Results on the LURIC dataset. (a and b) Manhattan plots of 100 SNPs up- and down-stream of rs436969, rs9385393. The epistasis option of PLINK was used to test for interactions in all 40 401 pairs and the smallest P-value for each SNP was recorded. Note that the P-value for the top scoring pair is slightly higher than the one calculated by EPIQ, as EPIQ was run on the binary representation of the SNPs. (c) A QQ-plot of the P-values distribution shows a negligible inflation. P-values were calculated for a sample of 10 000 SNP pairs

4 DISCUSSION

In this article we demonstrated how random projections methods can be applied on quantitative GWAS, achieving in most cases at least an order of magnitude speedup compared with other existing tools, scaling linearly with the number of SNP pairs. We showed that EPIQ required only 1.5 h on 10 processors for a real dataset of 687 253 SNPs and 826 individuals, identifying a pair of SNPs with a possible epistatic interaction, demonstrating that the model’s assumptions do not hinder an efficient discovery of interacting pairs. This speedup is gained in exchange of a minor loss of power. As mentioned before, a search for interacting SNP pairs in current GWAS suffers from an inherent multiple testing problem, where P-values must be as small as 10⁻¹³ or less in order to be considered significant. Like RAPID (Brinza et al., 2010) and SIXPAC (Prabhu and Pe’er, 2012) have done, EPIQ turns this limitation into an advantage: for a given sample size, smaller P-values are a result of larger effect sizes. This in turn makes interacting pairs more distinct from the rest of the SNPs and consequently easier to detect by EPIQ. The drawback is that as sample size increases, a smaller effect size is required for achieving the same significance level. In this case EPIQ is required to perform more iterations in order to distinguish between interacting and non-interacting pairs, and therefore does not scale linearly with sample size. Thus, as GWAS expand to include increasingly larger cohorts, further adjustments in the algorithm would be required.

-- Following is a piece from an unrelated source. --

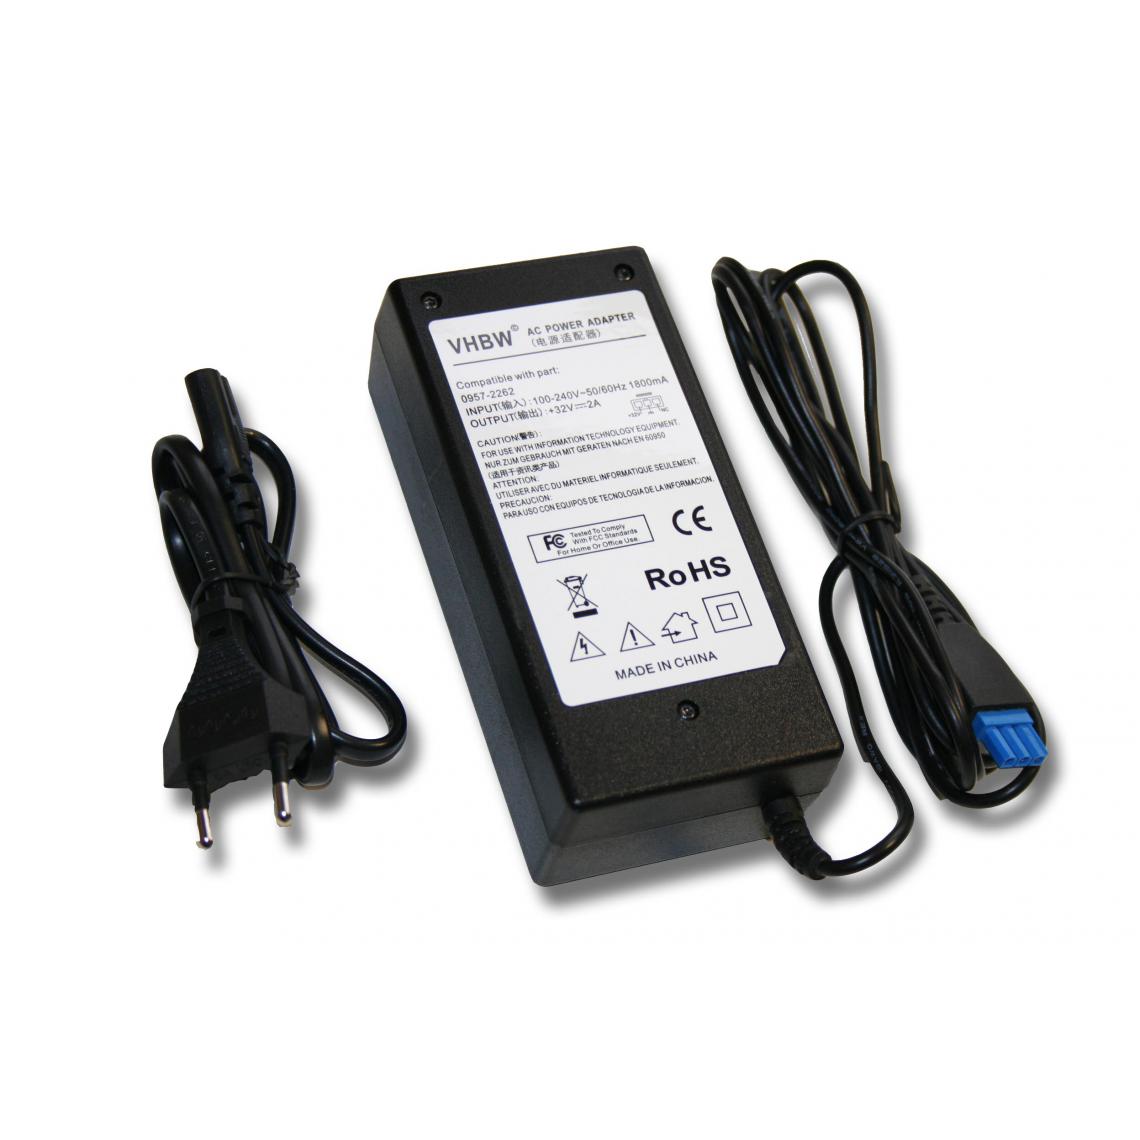 Vhbw - vhbw Imprimante Adaptateur bloc d'alimentation Câble d'alimentation Chargeur remplace HP 0957-2093, 0957-2262 pour imprimante - 2,0A - Accessoires alimentation

We wish to state that the settings used in this article are only a portion of a wide range of options. The approach we described can be extended to fit other statistical tests, and the binary coding of the genotypes can be performed differently than described, to match other underlying models of interaction. EPIQ can also be used in conjunction with methods such as the genome-wide rapid association testing (GRAT) (Kostem and Eskin, 2013), which utilize LD between SNPs for choosing a subset of proxy SNPs, thus reducing the number of tests and further improving runtime. Moreover, the runtime reported relates to the current code implementation of the algorithm. Different implementations, such as GPU-based code, are likely to achieve even better results. With the decrease in runtime, permutation tests for significance become a feasible option, resulting in increased power compared with stringent methods for multiple hypothesis correction.